──────── Records supplied

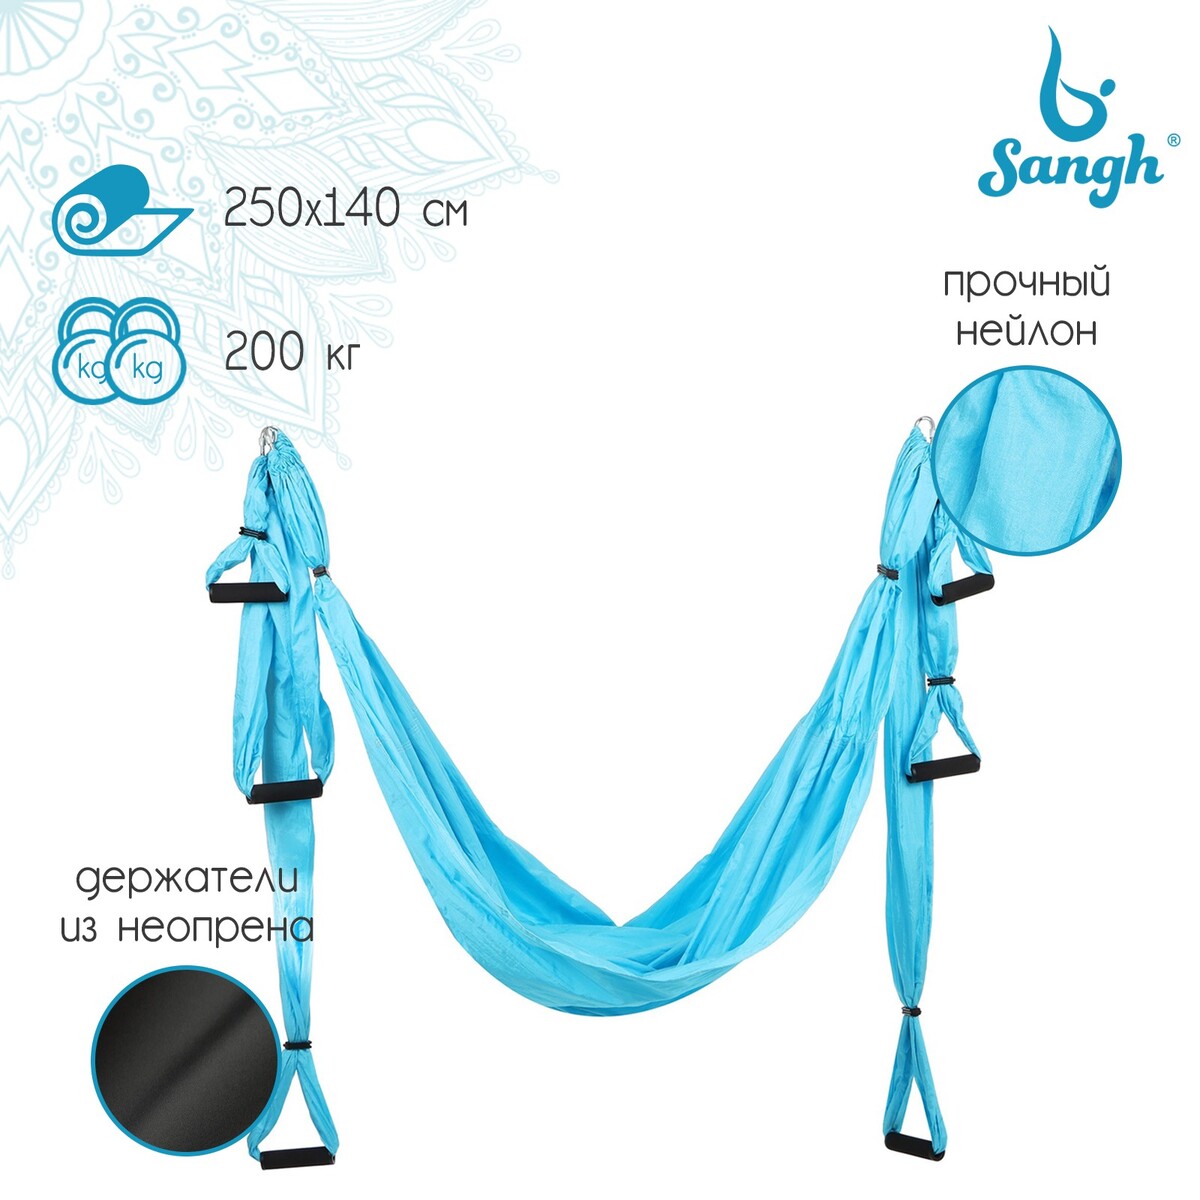 Гамак для йоги sangh, 250×140 см, цвет голубой гамак для йоги sangh 250×140 см чёрный
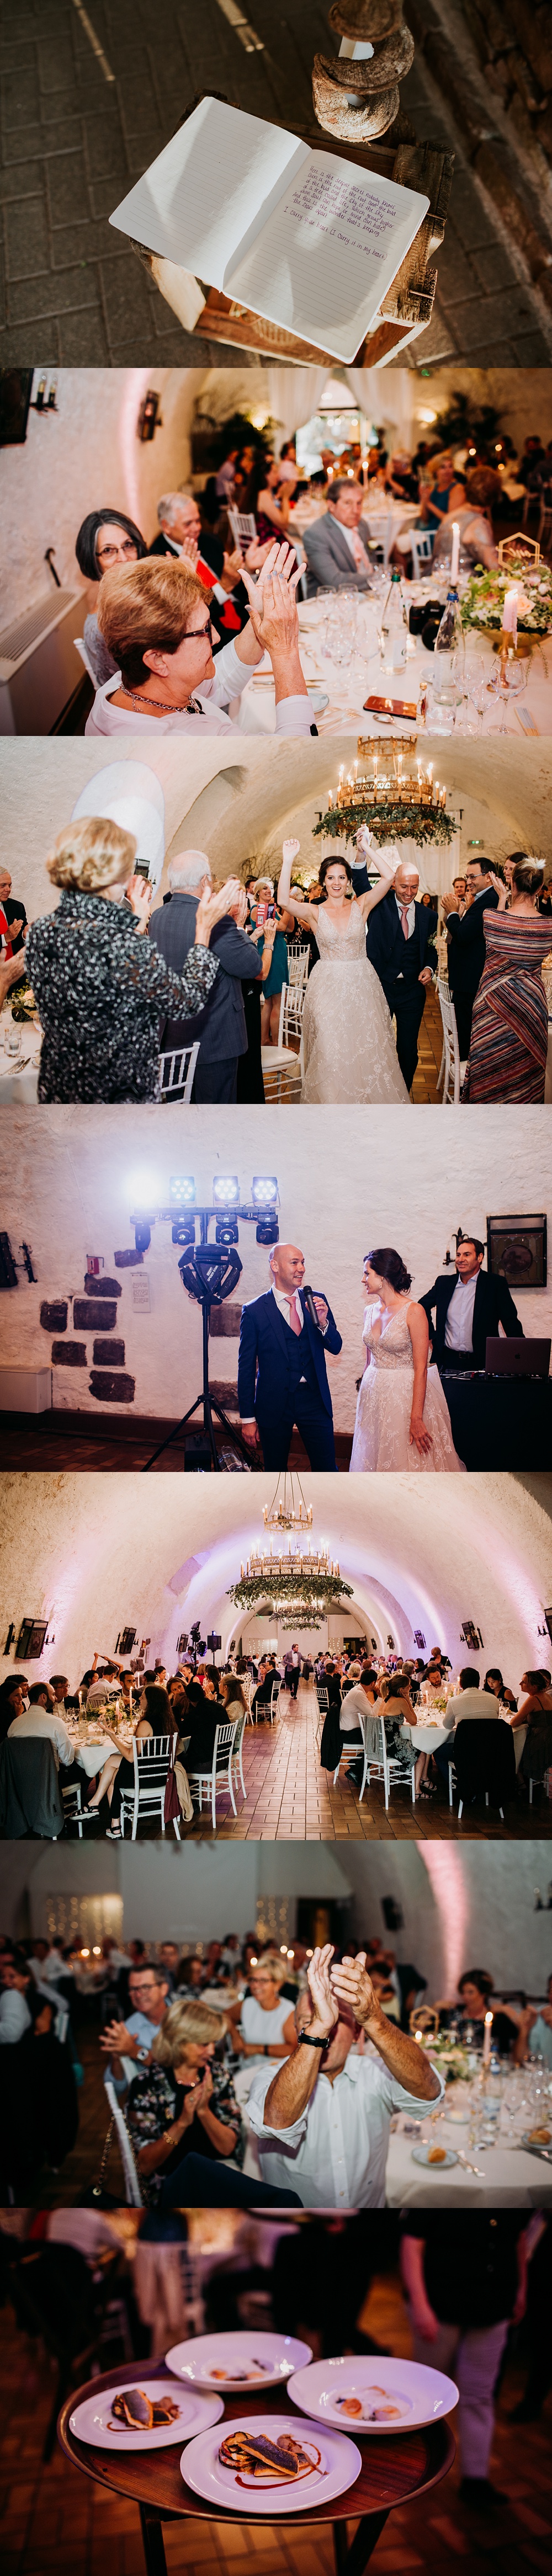 Photographe mariage château d'Isenbourg Alsace
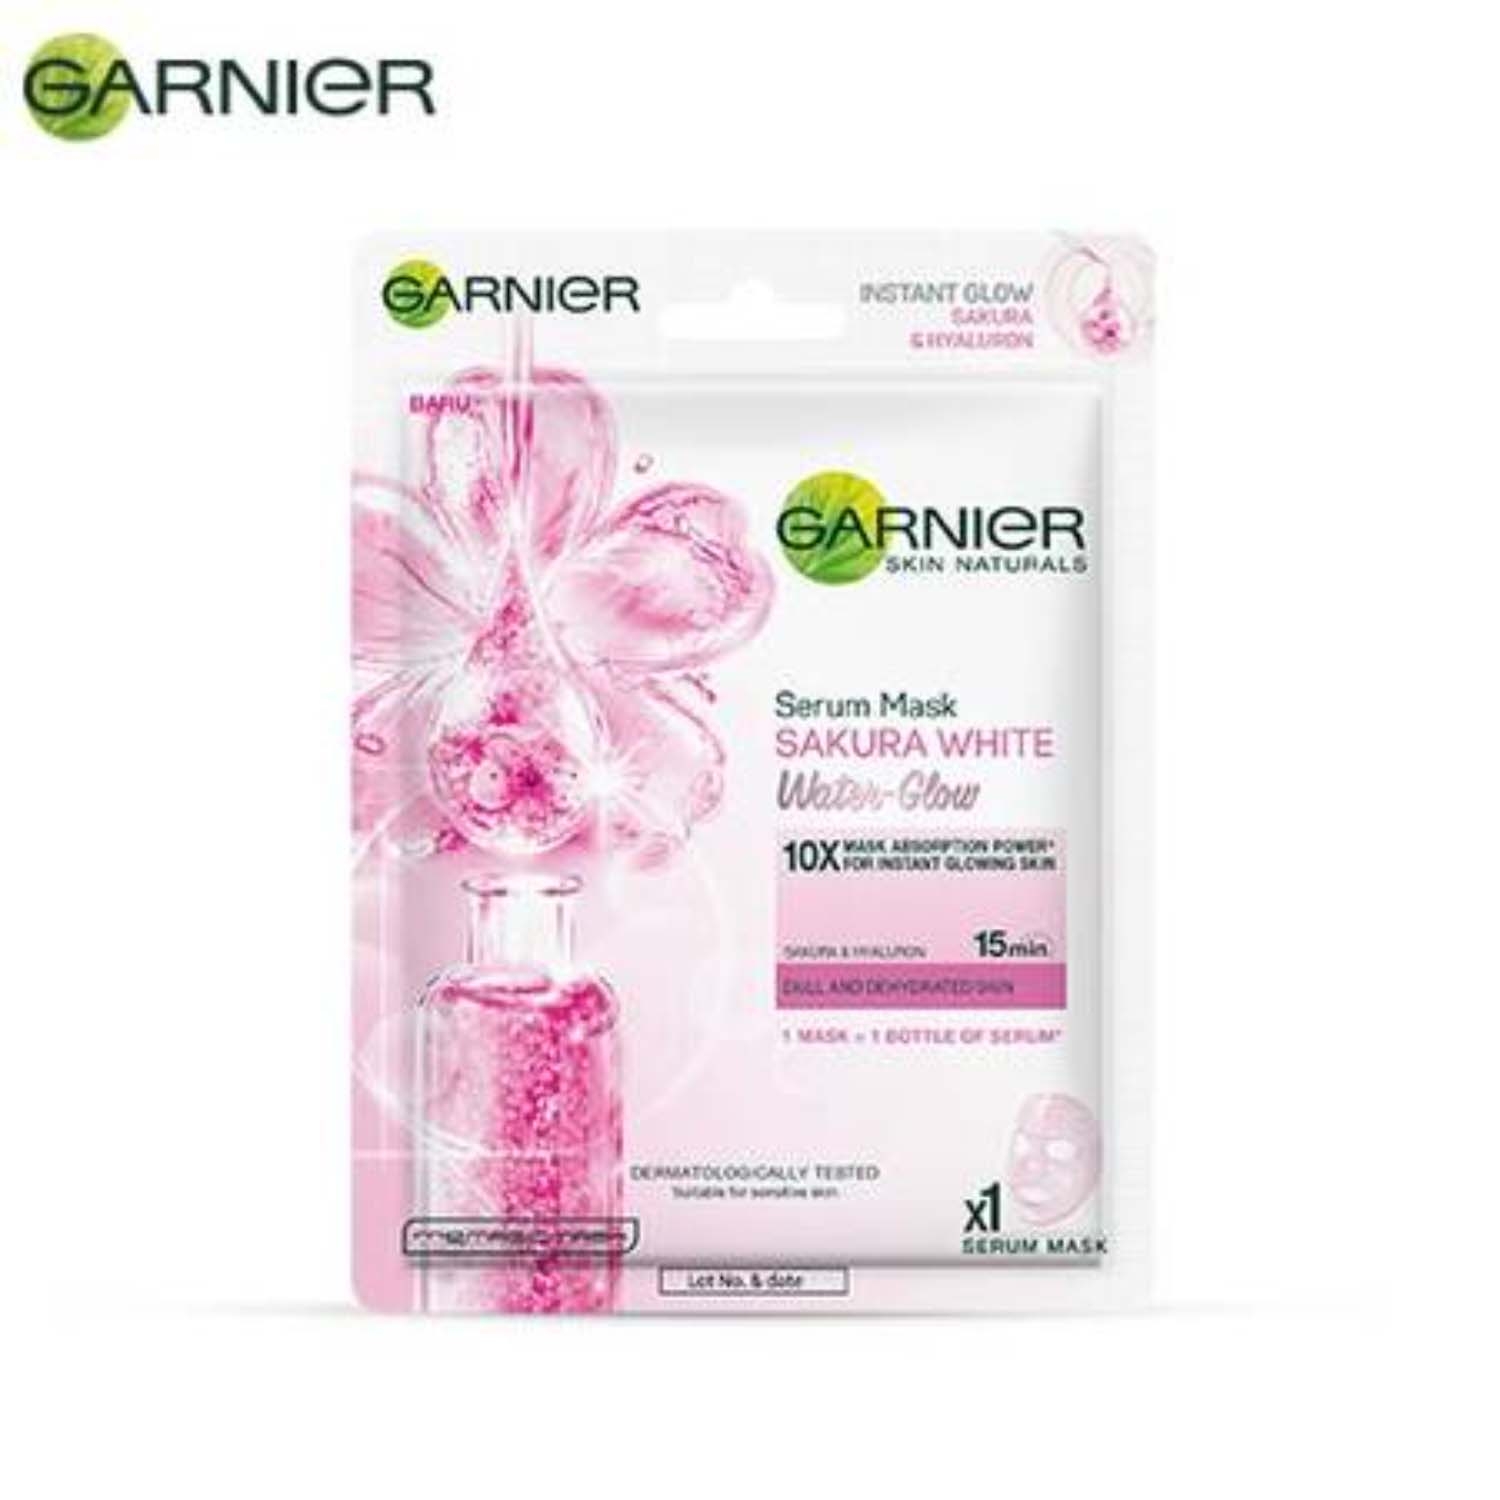 Garnier | Garnier Skin Naturals Sakura White Face Serum Sheet Mask (28g)
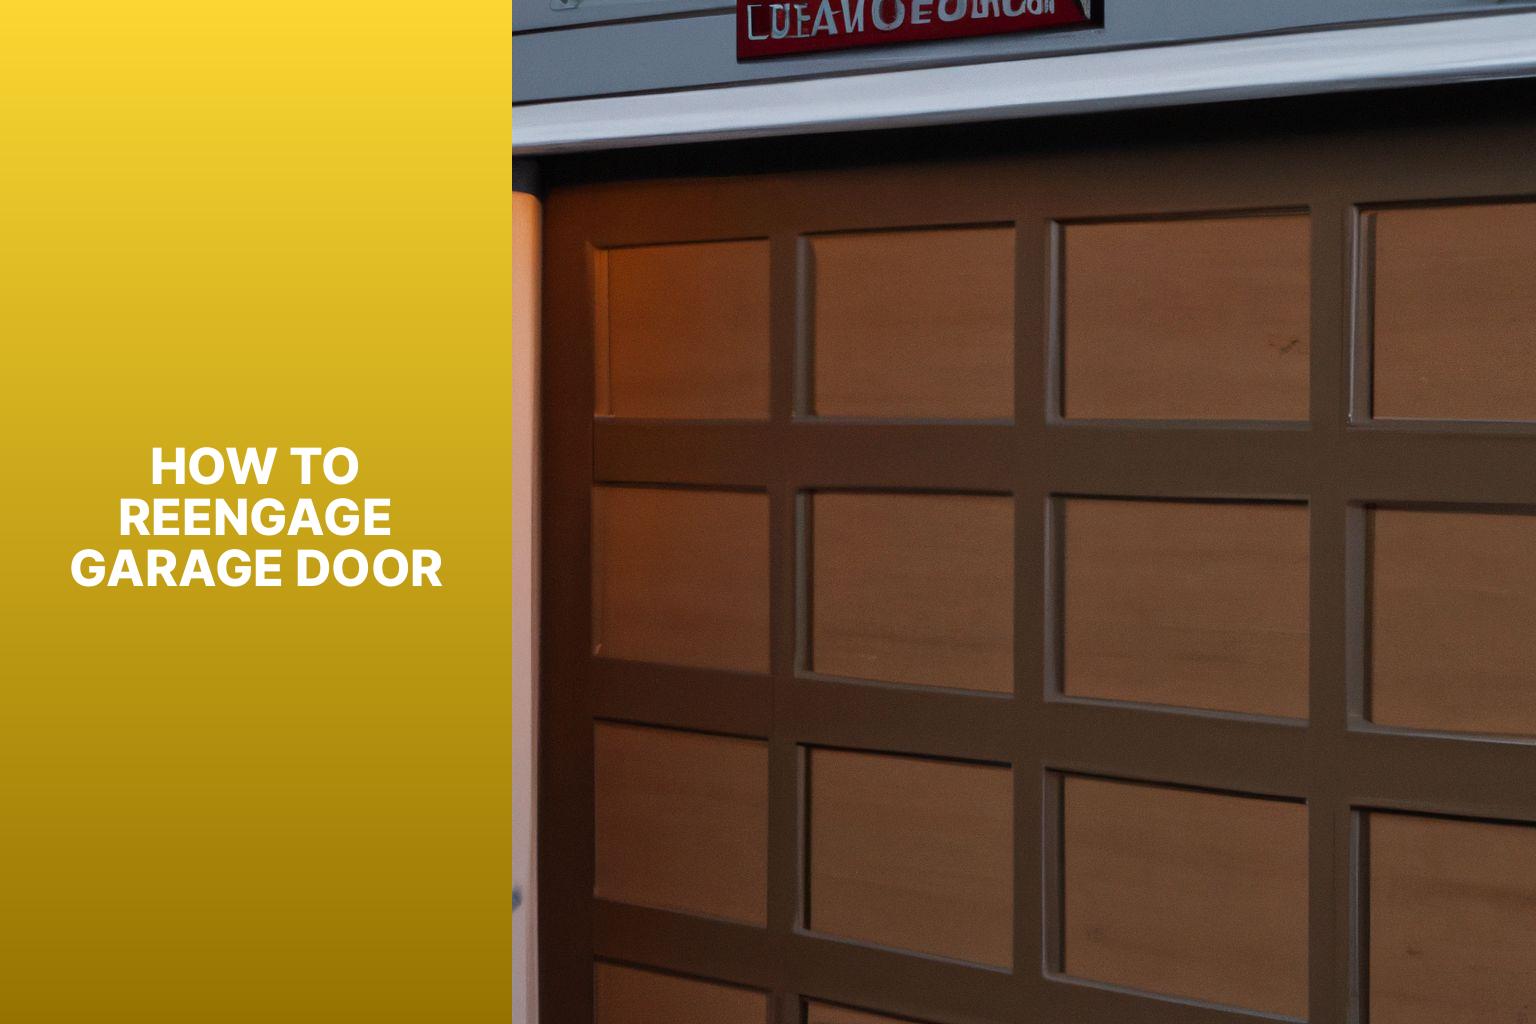 How to Reengage Garage Door
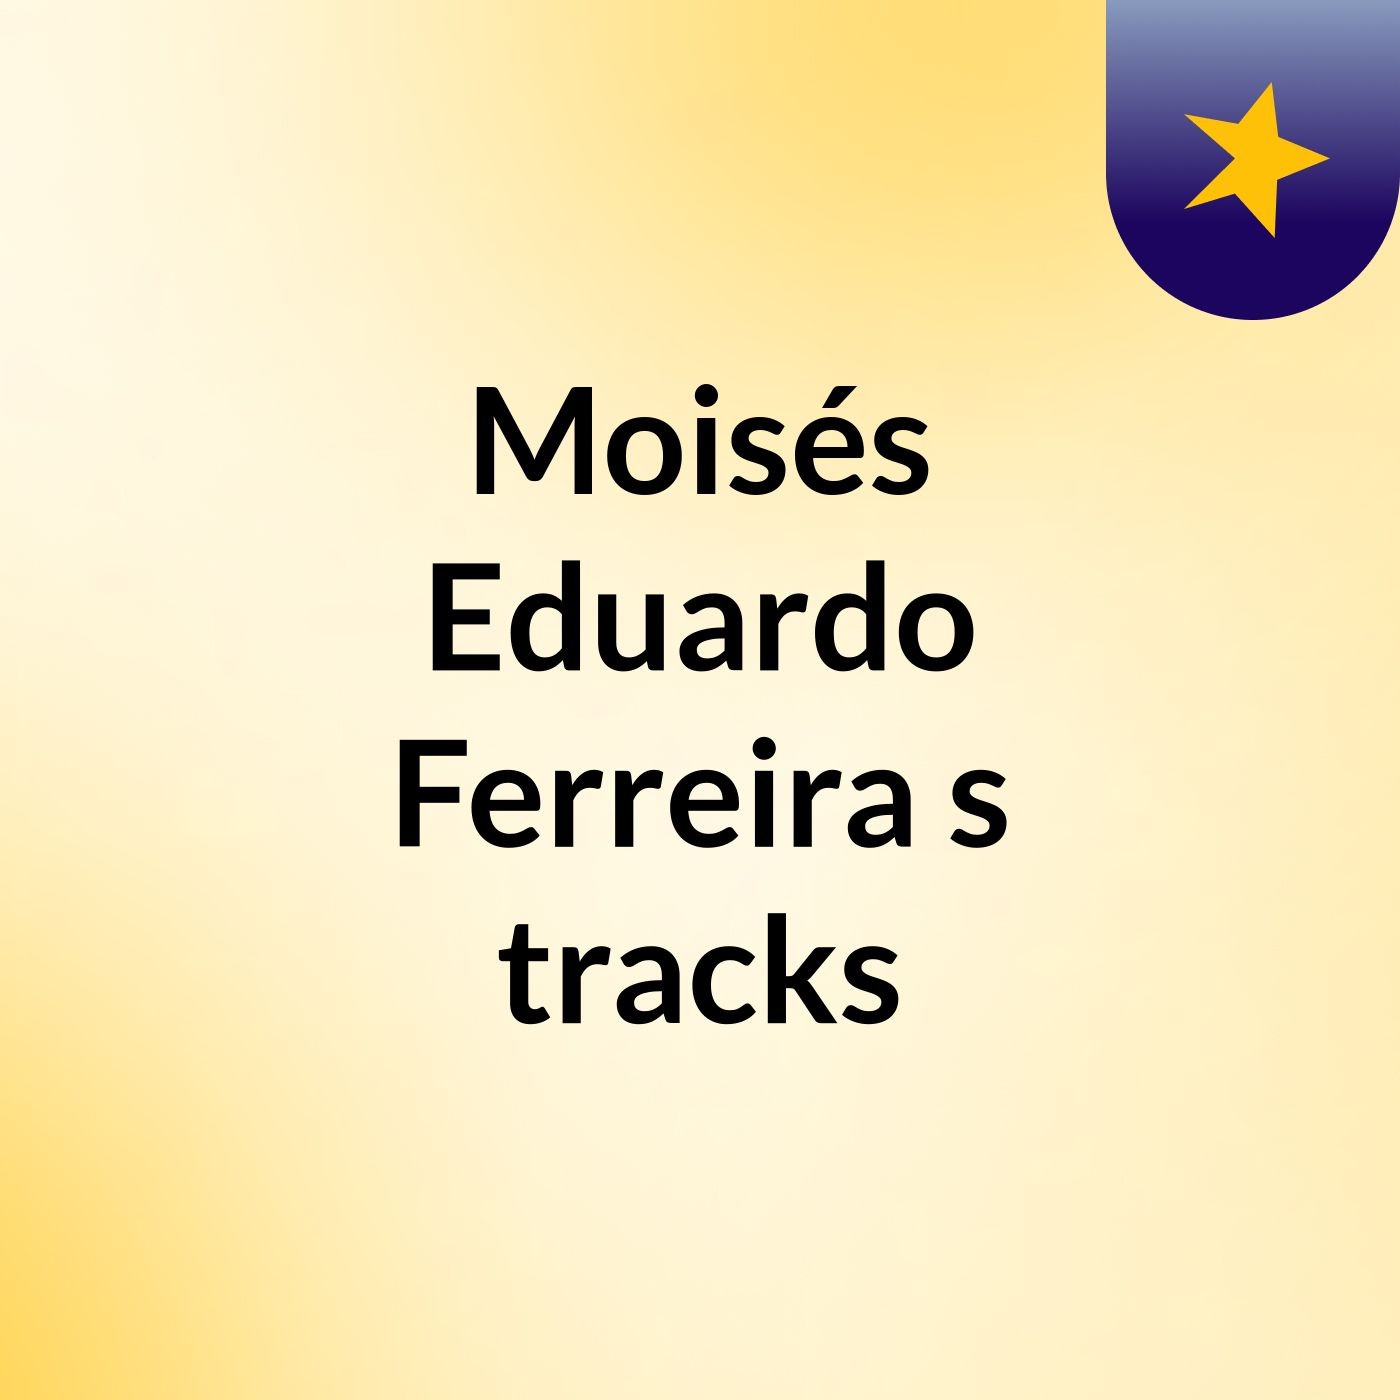 Moisés Eduardo Ferreira's tracks

────────────────

• What this task involves:
Would you return all of the data above word for word, omitting every picture?

• Solution to the problem:
 Гамак для йоги sangh, 250×140 см, цвет голубой гамак для йоги sangh 250×140 см чёрный
 Photographe mariage château d'Isenbourg Alsace
 Garnier | Garnier Skin Naturals Sakura White Face Serum Sheet Mask (28g)
 How to Reengage Garage Door
 Moisés Eduardo Ferreira's tracks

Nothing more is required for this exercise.